Top of Extracted material
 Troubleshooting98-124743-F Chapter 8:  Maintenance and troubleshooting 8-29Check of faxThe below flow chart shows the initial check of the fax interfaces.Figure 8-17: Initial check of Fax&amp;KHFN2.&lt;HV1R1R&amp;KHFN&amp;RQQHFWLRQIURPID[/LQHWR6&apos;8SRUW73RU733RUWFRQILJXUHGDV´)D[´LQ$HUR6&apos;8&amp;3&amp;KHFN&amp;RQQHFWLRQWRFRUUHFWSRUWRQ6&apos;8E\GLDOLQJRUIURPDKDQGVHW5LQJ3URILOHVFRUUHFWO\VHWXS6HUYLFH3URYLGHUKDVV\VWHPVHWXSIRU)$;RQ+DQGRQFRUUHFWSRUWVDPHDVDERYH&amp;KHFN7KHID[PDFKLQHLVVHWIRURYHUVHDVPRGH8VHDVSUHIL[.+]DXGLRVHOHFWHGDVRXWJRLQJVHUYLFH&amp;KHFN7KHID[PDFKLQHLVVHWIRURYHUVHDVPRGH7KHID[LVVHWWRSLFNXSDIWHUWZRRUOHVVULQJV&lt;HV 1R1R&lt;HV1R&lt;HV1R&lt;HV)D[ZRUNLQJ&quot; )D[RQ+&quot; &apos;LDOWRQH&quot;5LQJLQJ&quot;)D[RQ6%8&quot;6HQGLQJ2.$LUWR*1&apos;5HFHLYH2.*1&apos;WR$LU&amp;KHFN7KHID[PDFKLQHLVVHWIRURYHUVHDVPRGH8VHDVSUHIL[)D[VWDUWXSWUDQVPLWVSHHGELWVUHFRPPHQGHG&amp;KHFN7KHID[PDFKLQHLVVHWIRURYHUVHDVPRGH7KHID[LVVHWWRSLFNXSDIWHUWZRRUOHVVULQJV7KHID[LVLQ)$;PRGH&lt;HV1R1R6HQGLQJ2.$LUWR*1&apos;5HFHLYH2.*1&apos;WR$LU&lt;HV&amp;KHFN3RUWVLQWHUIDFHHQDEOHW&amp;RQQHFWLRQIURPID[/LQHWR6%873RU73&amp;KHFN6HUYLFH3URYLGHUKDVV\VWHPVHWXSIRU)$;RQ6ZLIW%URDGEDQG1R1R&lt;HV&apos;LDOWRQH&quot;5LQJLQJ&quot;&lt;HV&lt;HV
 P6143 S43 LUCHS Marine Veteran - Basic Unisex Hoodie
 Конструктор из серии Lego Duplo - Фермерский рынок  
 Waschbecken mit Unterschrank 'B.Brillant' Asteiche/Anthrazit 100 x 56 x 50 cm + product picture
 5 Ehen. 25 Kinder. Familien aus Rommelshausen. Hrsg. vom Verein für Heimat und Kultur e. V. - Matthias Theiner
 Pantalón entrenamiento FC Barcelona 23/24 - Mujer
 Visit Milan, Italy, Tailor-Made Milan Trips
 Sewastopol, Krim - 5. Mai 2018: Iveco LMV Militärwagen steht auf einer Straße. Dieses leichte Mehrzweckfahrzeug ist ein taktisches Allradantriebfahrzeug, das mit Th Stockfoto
Bottom of Extracted material
-- What you should do --
Using the entries above, repeat only the lines from the one containing "Конструктор из серии" through the one containing "Pantalón entrenamiento FC", end lines included.

-- Expected output --
 Конструктор из серии Lego Duplo - Фермерский рынок  
 Waschbecken mit Unterschrank 'B.Brillant' Asteiche/Anthrazit 100 x 56 x 50 cm + product picture
 5 Ehen. 25 Kinder. Familien aus Rommelshausen. Hrsg. vom Verein für Heimat und Kultur e. V. - Matthias Theiner
 Pantalón entrenamiento FC Barcelona 23/24 - Mujer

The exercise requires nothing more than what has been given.